|Montag u. Donnerstag:||10:00-17:00|
|Dienstag u. Mittwoch:||09:30-18:00|
|oder nach Vereinbarung|
Umbilical hernia surgery for navel correction
An umbilical hernia is a protrusion of abdominal fat or, in rare cases, bowel loops through a gap in the abdominal wall in the navel area. This is externally visible on a small or larger bulge on the navel. Not infrequently, an umbilical hernia is a consequence of pregnancy, in which the abdominal wall is driven apart and thus a possibly existing small gap at the navel can be widened.
Not every umbilical hernia is dangerous
Only in the rarest cases, when bowel loops are stored in the hernial sac and can be pinched, the situation is dangerous. Not so rare, however, the bump in the navel is perceived as aesthetically displeasing and there is therefore a desire for a correction.
We are happy to assist you at our Collaborative Clinic for Plastic and Aesthetic Surgery in Nymphenburg Munich,for a personal consultation on a planned umbilical hernia surgery.
Dr. von Spiegel and Prof. Gabka are delighted to be here for you.
General information on umbilical correction
|Surgery time:||approx. 30 min.|
|Duration of clinic stay:||2-3 nights in the clinic|
|Sociability following surgery:||after 10-14- days|
|Ability to work:||after 1 week|
|Sports:||after 6-8 weeks|
|Stitch removal||self-dissolving stitches|
|Compression underwear:||Compression Corset to be worn for 6 weeks day and night|
Many also refer to this as a rupture. The umbilical hernia, (lat. Hernia umbilicalis) is the same as the condition that affects the groin, but in the navel. A hernia lies in a weak spot in the abdominal wall. Through this so-called hernial orifices, tissue from the abdominal cavity can be stored in the so-called hernial sac. From the outside, this is visible as a more or less large bump. In most cases, the contents of the hernial sac consists of abdominal fat. For larger sacs, parts of the small or large intestine may also be present in the hernial sac.
The prerequisite for a hernia is a weak spot in the abdominal wall. The navel is a natural weak spot. Frequently, an umbilical hernia occurs immediately after birth and recedes within the first few months of life. Before birth, the child is connected via the vessels of the umbilical cord with the mother. After birth, this is separated and the remnant is the navel. Thus, there is a weak spot of the abdominal wall here. Through certain factors that increase the pressure in the abdominal area, this weak spot can expand to a gap and making an umbilical hernia. In cases of heavy obesity and pregnancy in particular, increased pressure loads occur in the abdomen. Genetic factors also play an additional role.

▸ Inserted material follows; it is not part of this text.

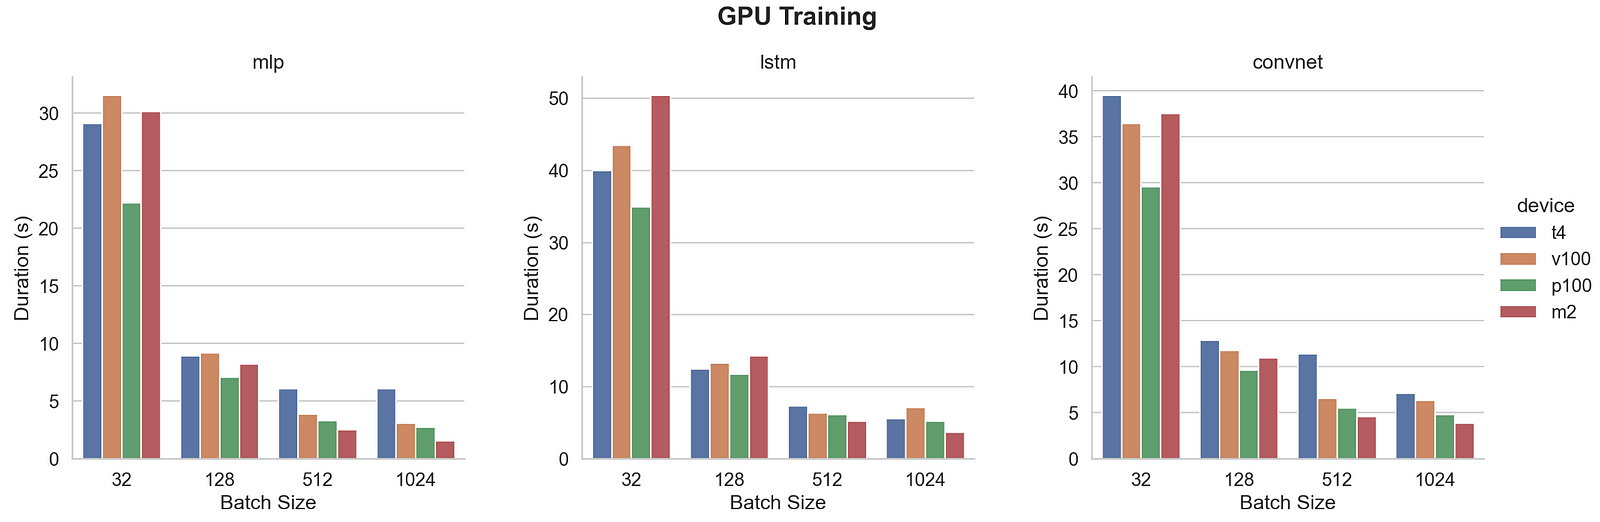 Running PyTorch on the M1 GPU

In most cases, the umbilical hernia is relatively small and the contents of the hernial sac consist only of mesentery fat. In these cases, there is no pain and the contents of the sac can also be pushed back into the abdominal cavity. However, if the breakage gap and the hernial sac are larger, bowel loops can accumulate and possibly be clamped. If the hernia turns acutely dark or pain recurs, this may be a sign of a hiatal hernia. This is an acute emergency requiring rapid treatment.

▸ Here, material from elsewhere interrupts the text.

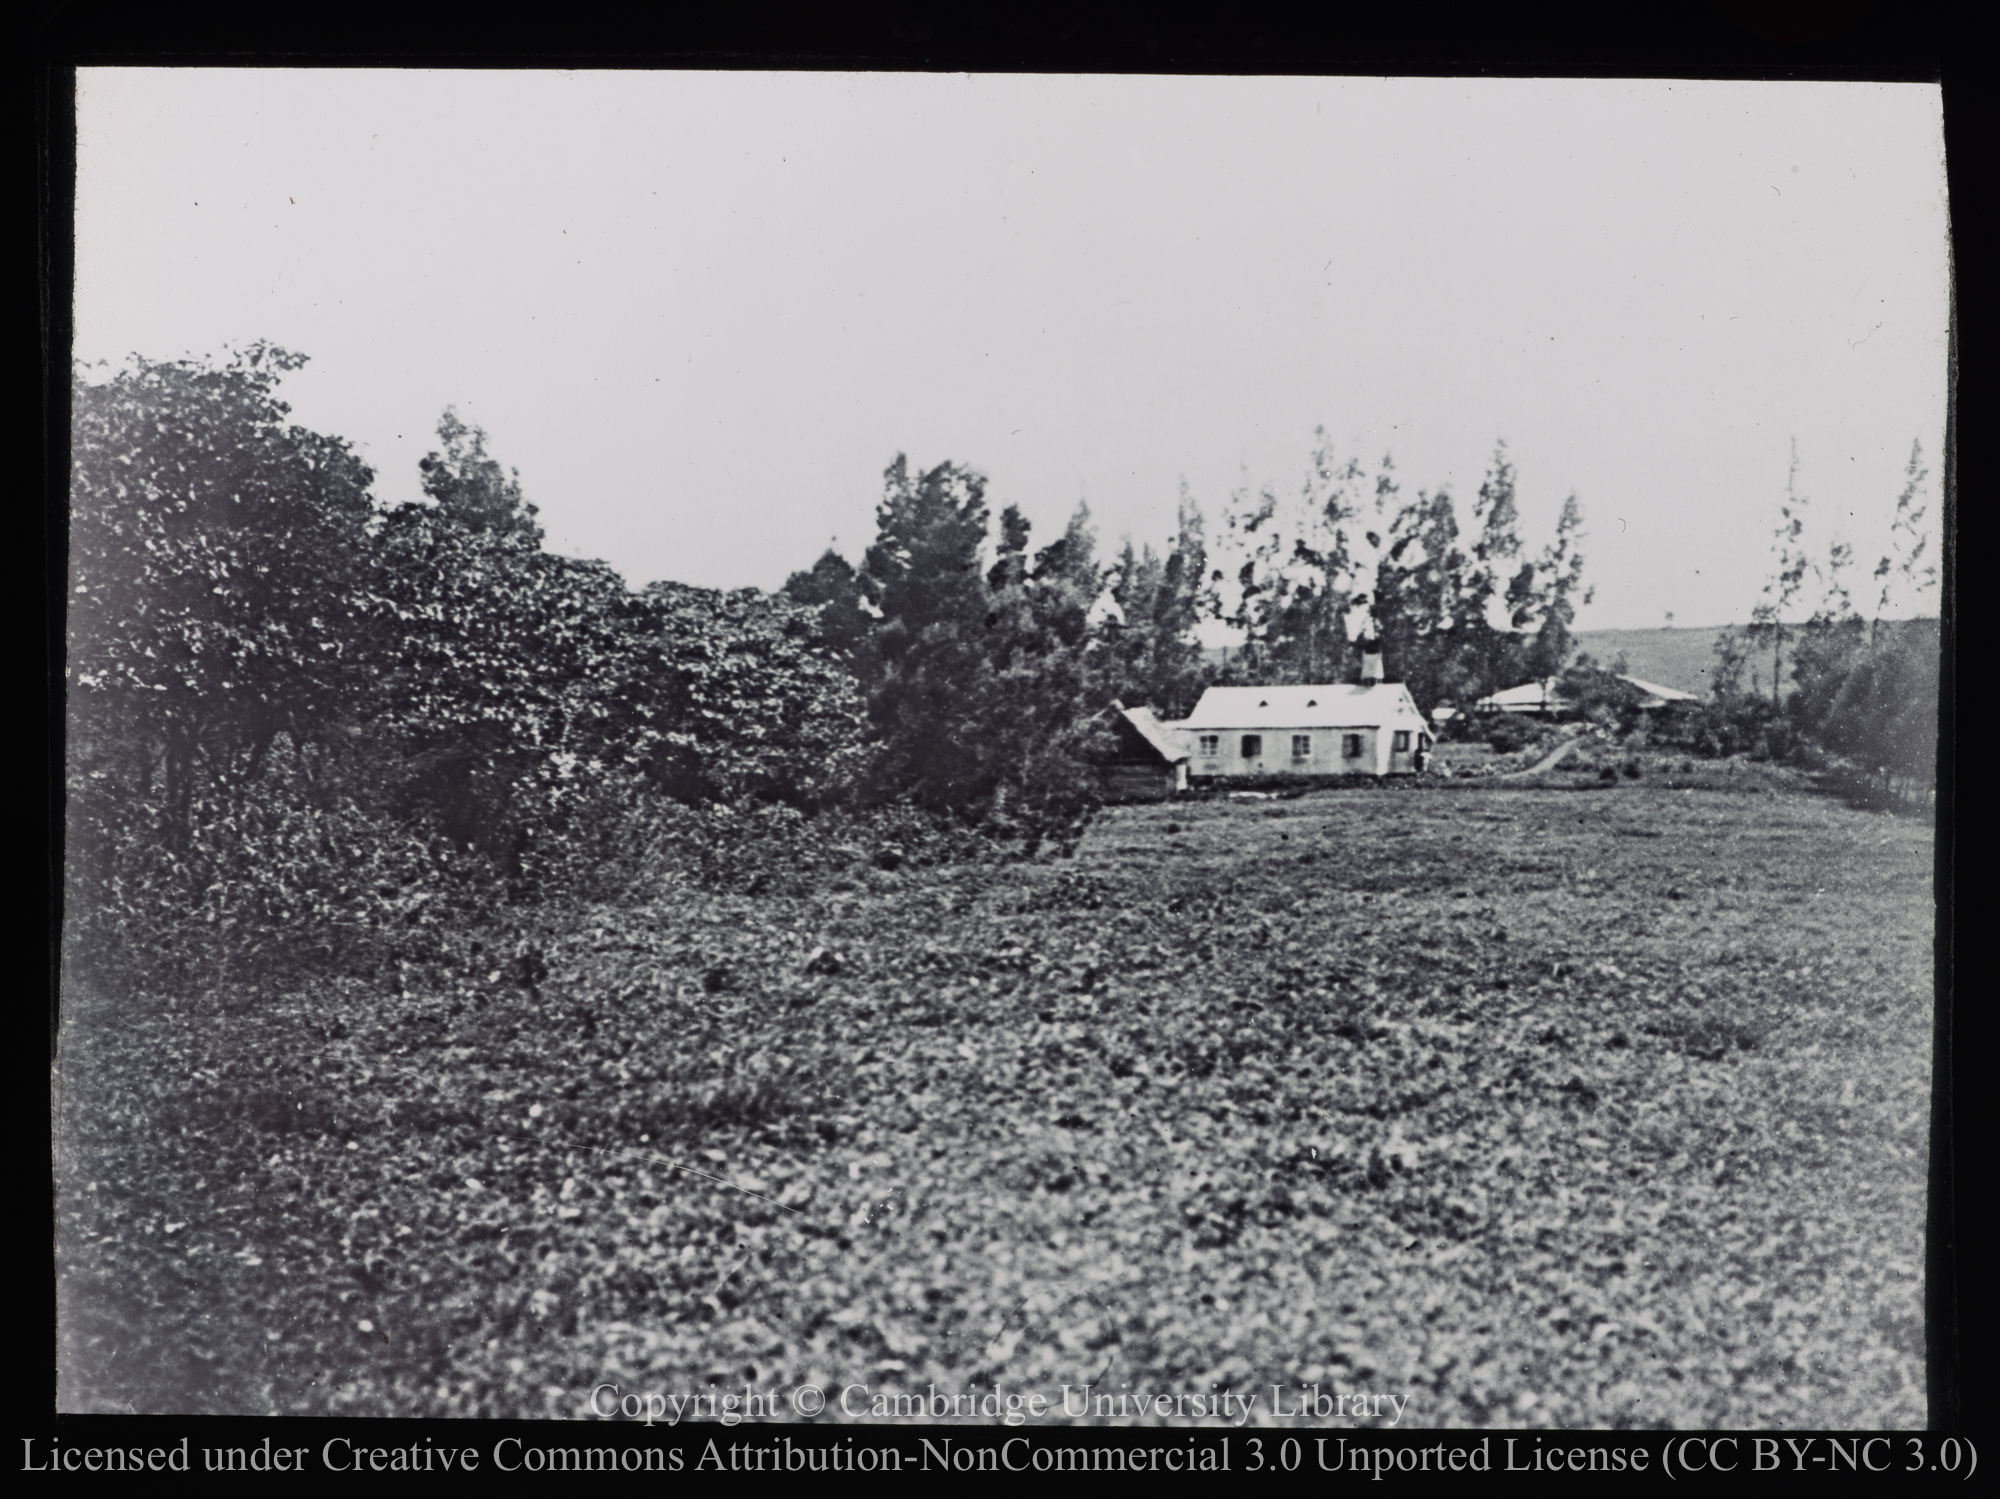 Kabete (Kenya) Church and mission house, 1892 - 1914

As a rule, an umbilical hernia can easily be recognized from the outside. An examination in a standing and sitting position by a doctor should be carried out. If the contents of the hernia can be repositioned or pertruded due to a cough, the diagnosis is confirmed. Imaging procedures such as ultrasound or CT examinations confirm the diagnosis or unclear findings.
If an umbilical hernia occurs during pregnancy, it can spontaneously regress after birth. In the case of persisting umbilical hernia, surgery may be desired or may be necessary in the case of some symptoms. Which surgical technique is used depends on the size of the hernia. Frequently, umbilical hernias are also corrected as part of a tummy tuck. If an asymptomatic umbilical hernia is operated for aesthetic reasons, it is usually minor hernias. Here, the skin incision is semicircular around the navel. From there, the fracture sack is displayed, the hernia content is transferred back to the abdominal cavity and the gap is stitched. As a rule, the operation is performed under general anesthesia. If the hernia is larger, it may be necessary to install mesh for stabilization. Frequently, the procedure is minimally invasive (laparoscopically).
As a rule, pain is limited. With cooling and painkillers, e.g., ibuprofen the pain should be alleviated within a few days. Prolonged "tweaking" or "weather sensitivity" are normal and no cause for alarm.
It is very important at this stage to consistently wear your compression underwear.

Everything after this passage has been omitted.